O aplicativo Sora 2, que permite criar vídeos ultrarrealistas com o próprio rosto e o de outras pessoas, levou o perigo da desinformação a um novo patamar
“Qual é seu nome, soldado?! Tá me ouvindo?! Me fala seu nome, soldado!” Quem berra é um manifestante todo vestido de preto, encapuzado, o rosto vermelho de raiva. À sua frente, um militar em traje camuflado. Pelas imagens, tudo indica se tratar de um protesto contra a ocupação de cidades americanas por tropas federais, uma das marcas de Donald Trump neste segundo mandato. Impassível, o militar do vídeo tolera os gritos até que, numa reação rápida, aperta um spray de pimenta contra o rosto do jovem e responde enfim à pergunta. Seu nome? “Sargento Pimenta!”, ele grita. A gravação, que tem menos de dez segundos, viralizou pelo trocadilho esdrúxulo – em inglês, a graça de “Sergeant Pepper” não está apenas na referência ao spray, mas também no fato de que esse é o nome de um dos álbuns mais famosos dos Beatles.

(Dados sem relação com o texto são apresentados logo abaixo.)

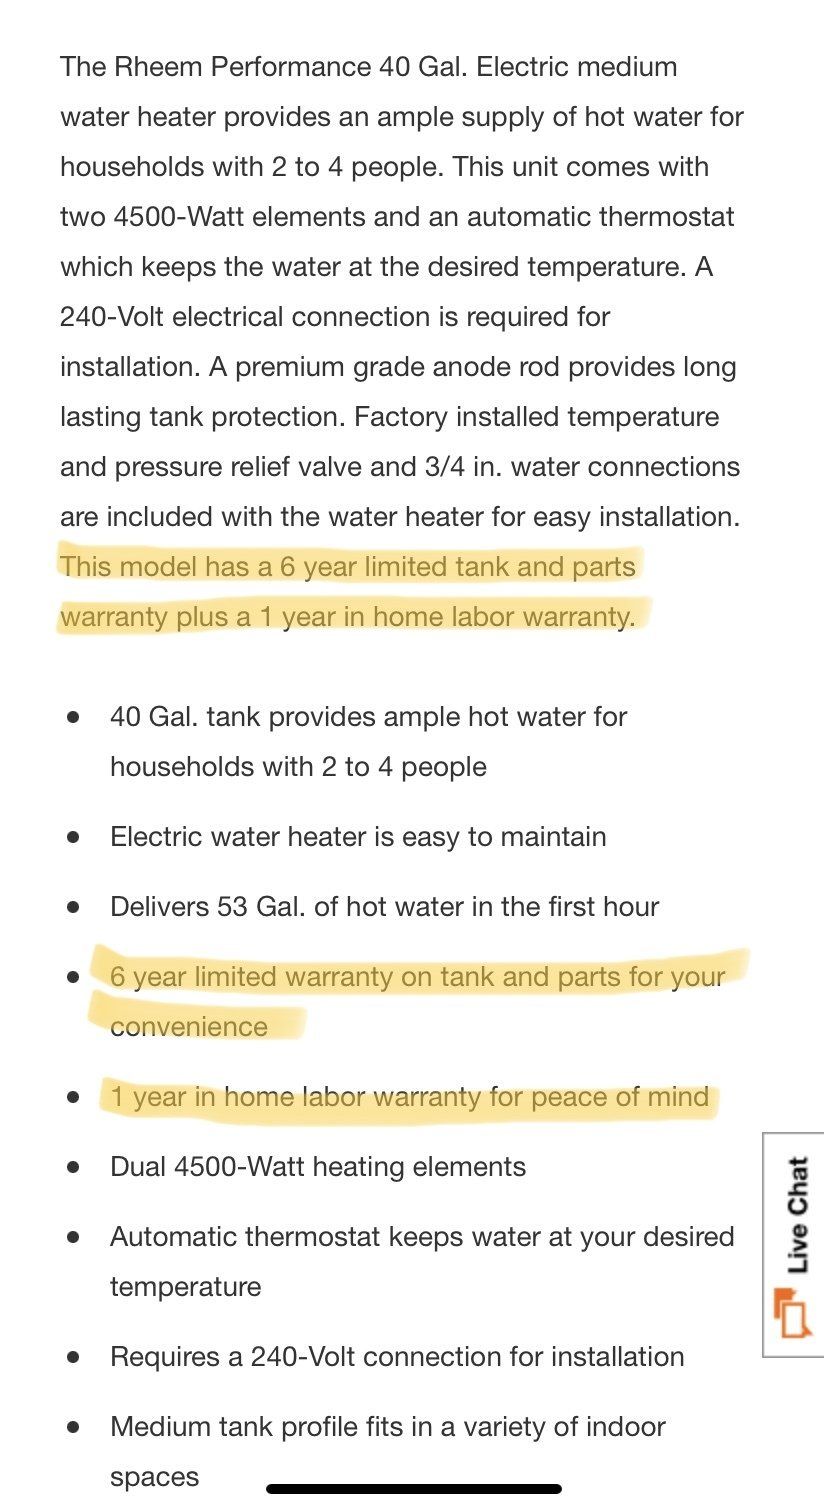 Screenshot of Details for Rheem Residential Water Heater Warranty for Labor, Parts, and Tank

A iluminação do flash, o enquadramento vertical, os giroflex da polícia no fundo da imagem, o movimento dos corpos – tudo é muito realista, como se a pessoa que filmou estivesse ali mesmo, num protesto noturno, com o celular em mãos, a poucos centímetros da gritaria. Mas um observador atento vai notar uma pequena marca d’água que passeia pela tela. A logomarca, uma criatura com um par de olhos fofos, ao lado do nome Sora, entrega a verdade: a cena foi toda criada por inteligência artificial.
O vídeo, intitulado the original sgt. pepper, foi postado no Instagram no dia 7 de outubro por Diego Galvão, um filmmaker especializado em IAs generativas. Dias depois, já somava mais de 70 milhões de visualizações e 60 mil comentários. Além da marca d’água aplicada sobre o vídeo, uma legenda irônica indicava o uso de inteligência artificial (“nenhum prompt foi ferido durante a produção desse vídeo IA”). Ainda assim, na caixa de comentários, grande parte dos usuários parecia não se dar conta de que estavam diante de algo falso e deixavam elogios entusiasmados ao sargento fictício.
A verossimilhança da cena é uma obra do Sora 2, um gerador de vídeos mais poderoso, realista e dispendioso que seu antecessor, o Sora. Ambos foram criados pela OpenAI, dona do ChatGPT e hoje a empresa privada com maior valor de mercado do mundo, estimado recentemente em 500 bilhões de dólares. Com performance mais elogiada que a dos geradores concorrentes, como Veo (Google) e Vibes (Meta), o aplicativo foi lançado no dia 30 de setembro deste ano tendo algumas restrições iniciais de acesso. Oficialmente, até o momento, só quem pode utilizá-lo são os habitantes dos Estados Unidos e do Canadá, pelo desktop ou pelo aplicativo de celular, disponível apenas para o sistema operacional iOS. Além disso, é preciso ter recebido um convite de outro usuário. Mas essas restrições não impediram que, em questão de dias, o Sora 2 se tornasse o aplicativo mais baixado na loja da Apple, superando a marca de 1 milhão de downloads mais rapidamente do que o ChatGPT.